One thing I considered before trying this approach is that:

[MATH]t=\tan\left(\frac{\theta}{2}\right)[/MATH]
has all reals as its range with \(\theta\) unrestricted, and so the domain of \(y\) as I defined it is therefore all reals.

 

[Cubist]

...has all reals as its range with \(\theta\) unrestricted, and so the domain of \(y\) as I defined it is therefore all reals.

I see. Without stating this there is a gap in the proof. Very thorough!

 

[JeffM]

One thing I considered before trying this approach is that:

[MATH]t=\tan\left(\frac{\theta}{2}\right)[/MATH]
has all reals as its range with \(\theta\) unrestricted, and so the domain of \(y\) as I defined it is therefore all reals.

Sorry to be a pain, but

[MATH]\theta = \pi \implies tan \left ( \dfrac{\theta}{2} \right ) \not \in \mathbb R,[/MATH]
or am I missing something again?

 

[JeffM]

By the way, [MATH]y = \dfrac{1 + sin(\theta)}{5 + 4cos(\theta)}[/MATH]
is real for all values of theta.

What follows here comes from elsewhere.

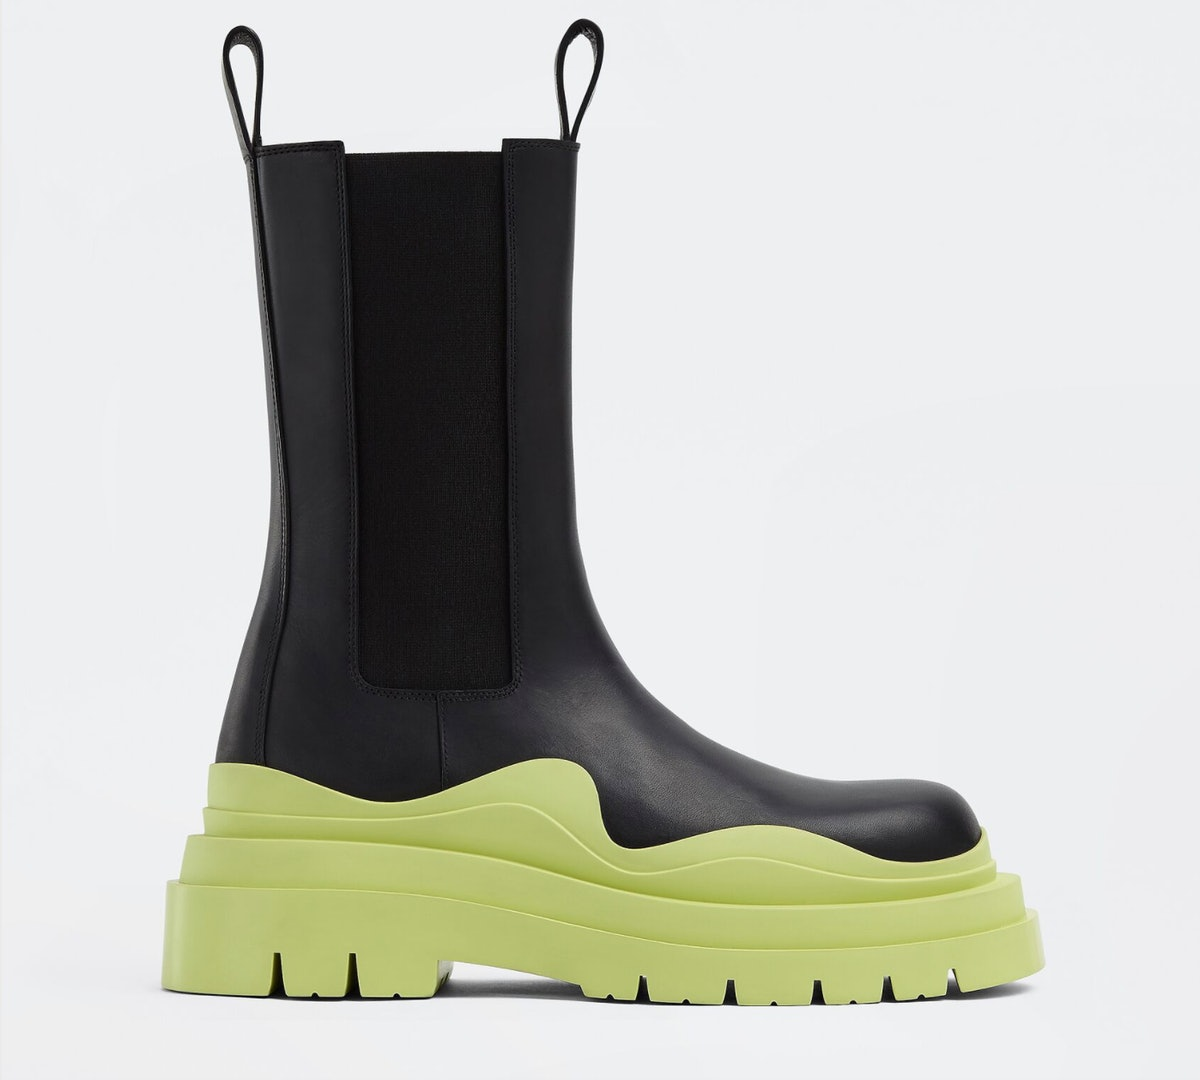 Bottega Veneta's black Chelsea boots with yellow tire inspired soles.
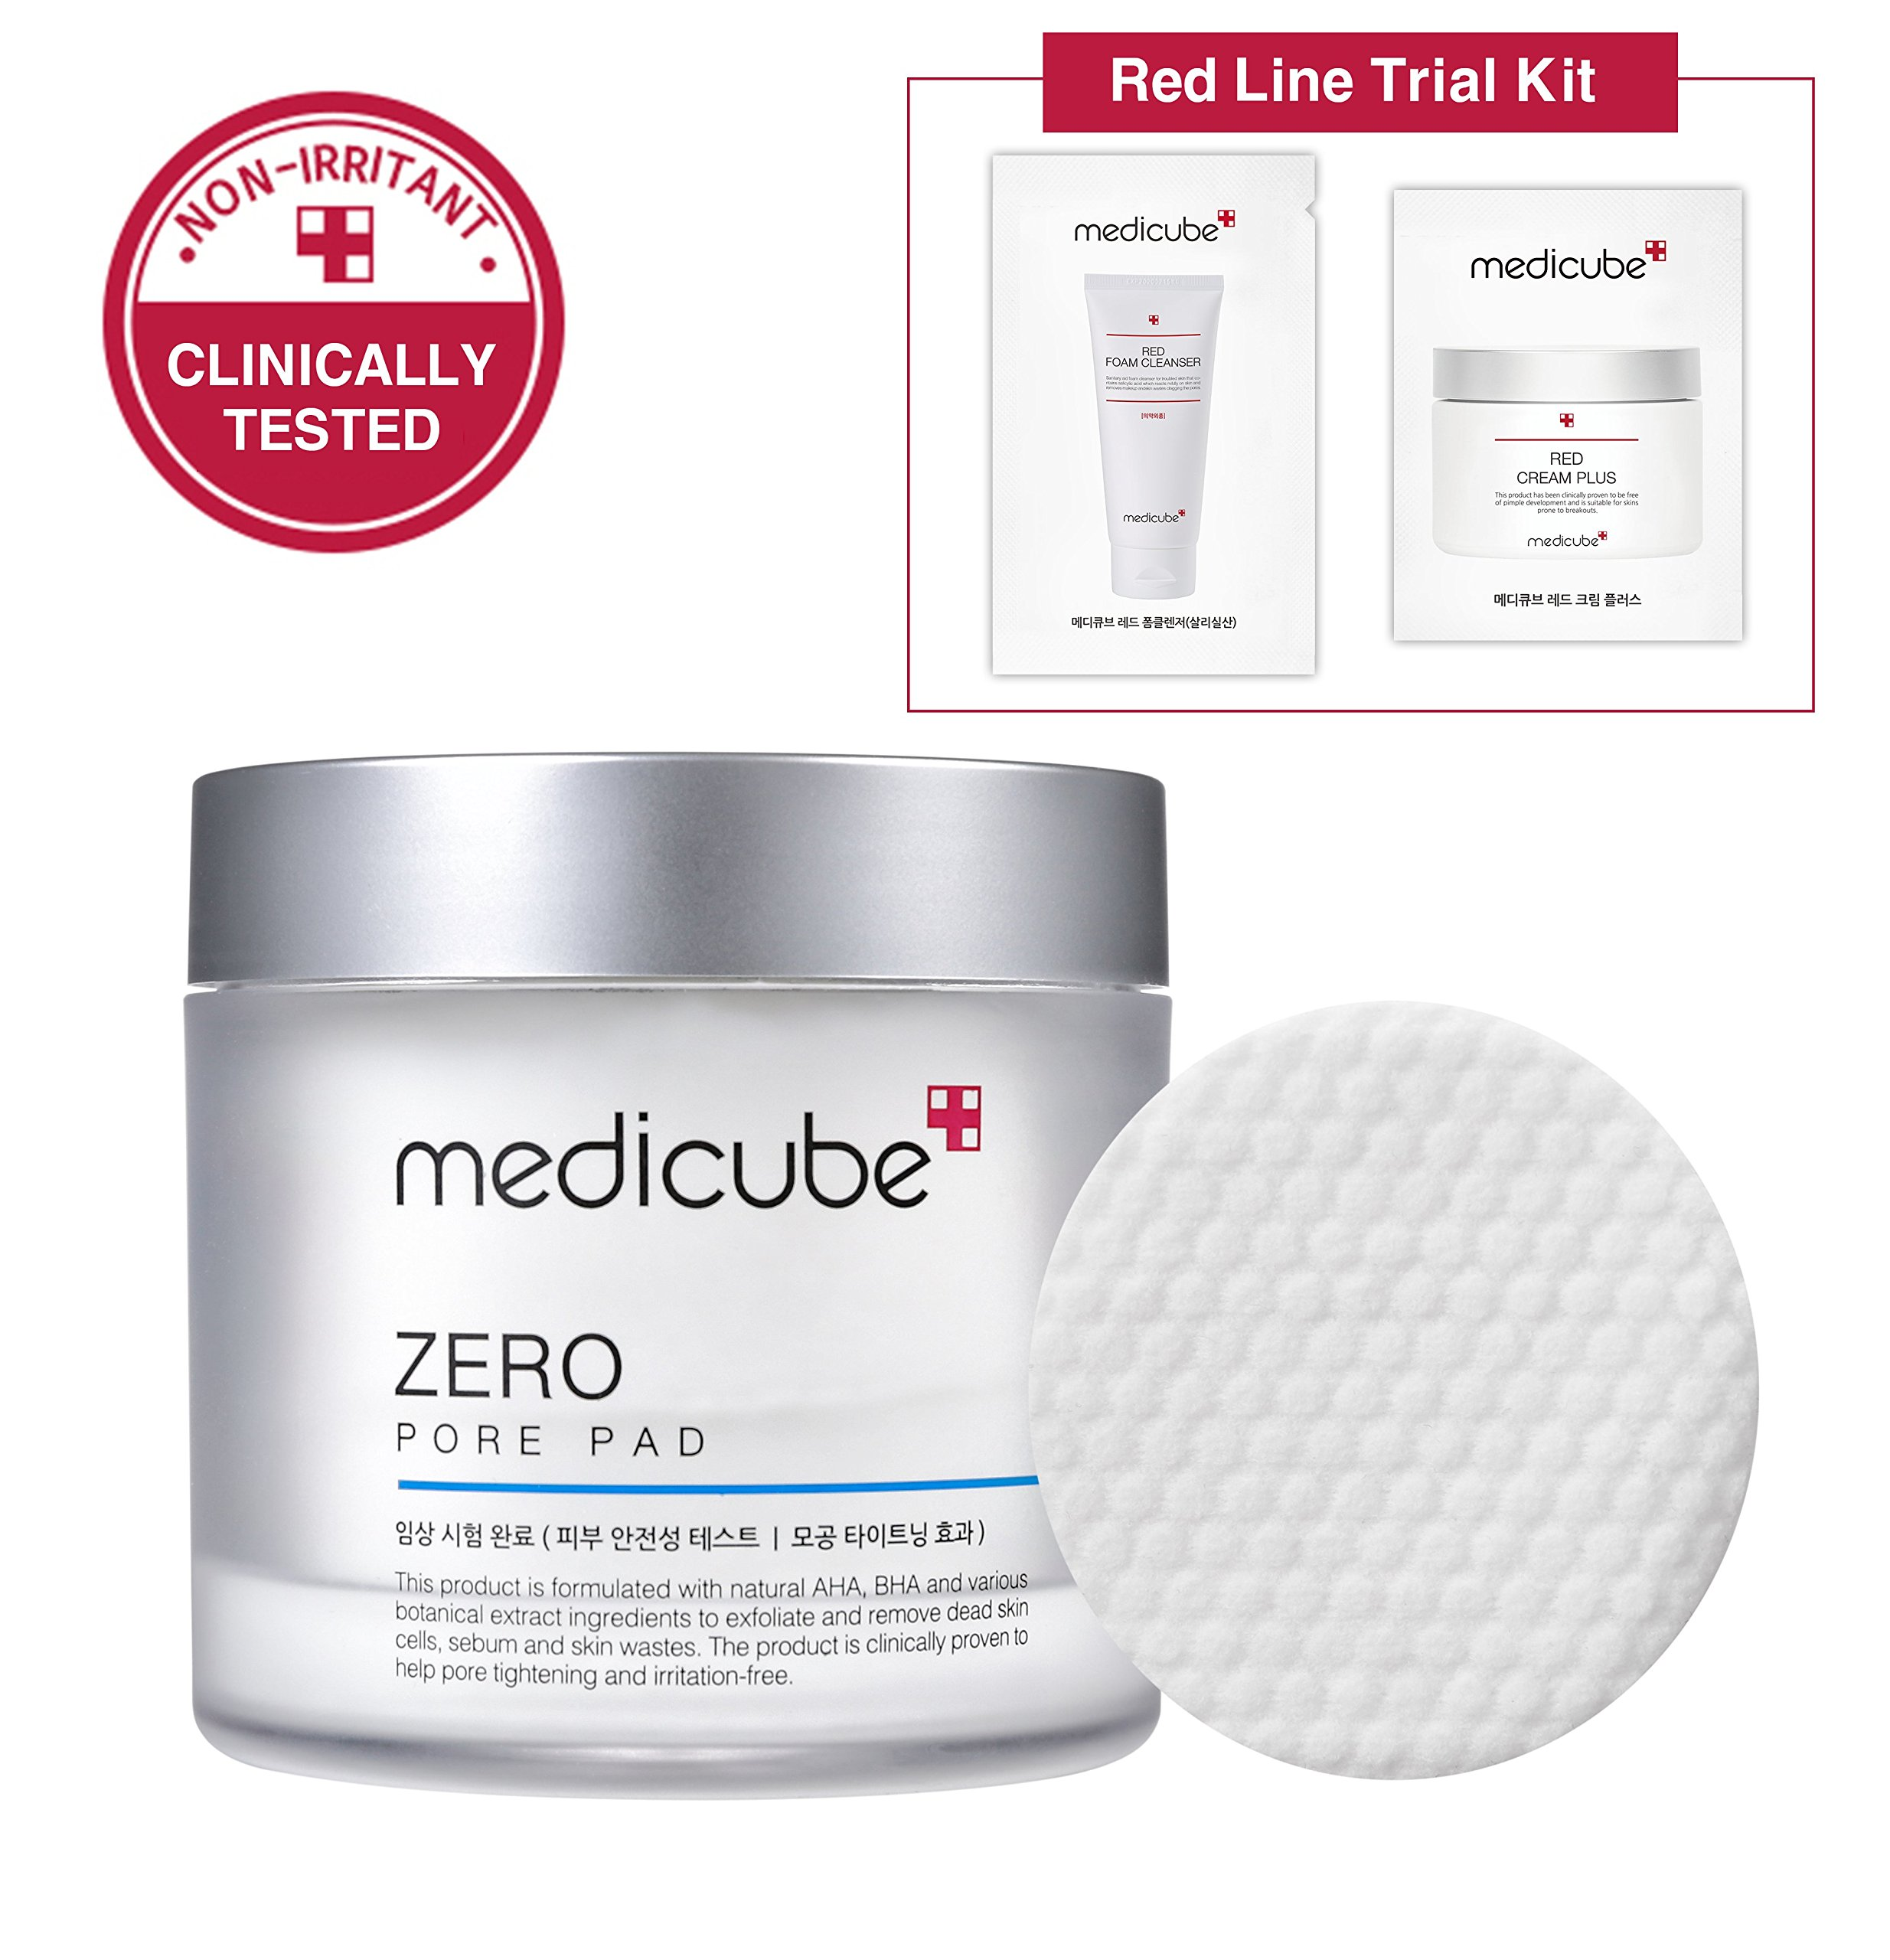 Medicube Zero Pore Pad and Red Line Trial Kit SET, 155 gle 5.47 oz.

The expression in t is not an exact equivalent.

 

[MarkFL]

Sorry to be a pain, but

[MATH]\theta = \pi \implies tan \left ( \dfrac{\theta}{2} \right ) \not \in \mathbb R,[/MATH]
or am I missing something again?

Yes, the domain of the function \(t(\theta)\) is naturally restricted, but with no other restrictions being applied, the range of \(t\) is all reals.

 

[JeffM]

Ahh. I get you. We forget about how t was derived and just look at (t + 1)^2 / (t^2 + 9).

 

[MarkFL]

Ahh. I get you. We forget about how t was derived and just look at (t + 1)^2 / (t^2 + 9).

To be honest, I was only looking at the range of the expression in \(t\). Let's begin with the identity:

[MATH]t=\tan\left(\frac{\theta}{2}\right)=\frac{\sin(\theta)}{1+\cos(\theta)}[/MATH]
[MATH]t^2=\frac{1-\cos(\theta)}{1+\cos(\theta)}[/MATH]
And we find:

[MATH]\cos(\theta)=\frac{1-t^2}{1+t^2}[/MATH]
[MATH]\sin(\theta)=t\left(1+\frac{1-t^2}{1+t^2}\right)=\frac{2t}{t^2+1}[/MATH]
And so:

[MATH]\frac{1+\sin(\theta)}{5+4\cos(\theta)}=\frac{1+\dfrac{2t}{t^2+1}}{5+4\dfrac{1-t^2}{1+t^2}}=\frac{t^2+2t+1}{t^2+9}=\frac{(t+1)^2}{t^2+9}[/MATH]

 

[JeffM]

I must admit that I am still bothered because that denominator of 1 + cos(theta) can be zero. The unmodified expression of course does not have that issue so I am being persnickety.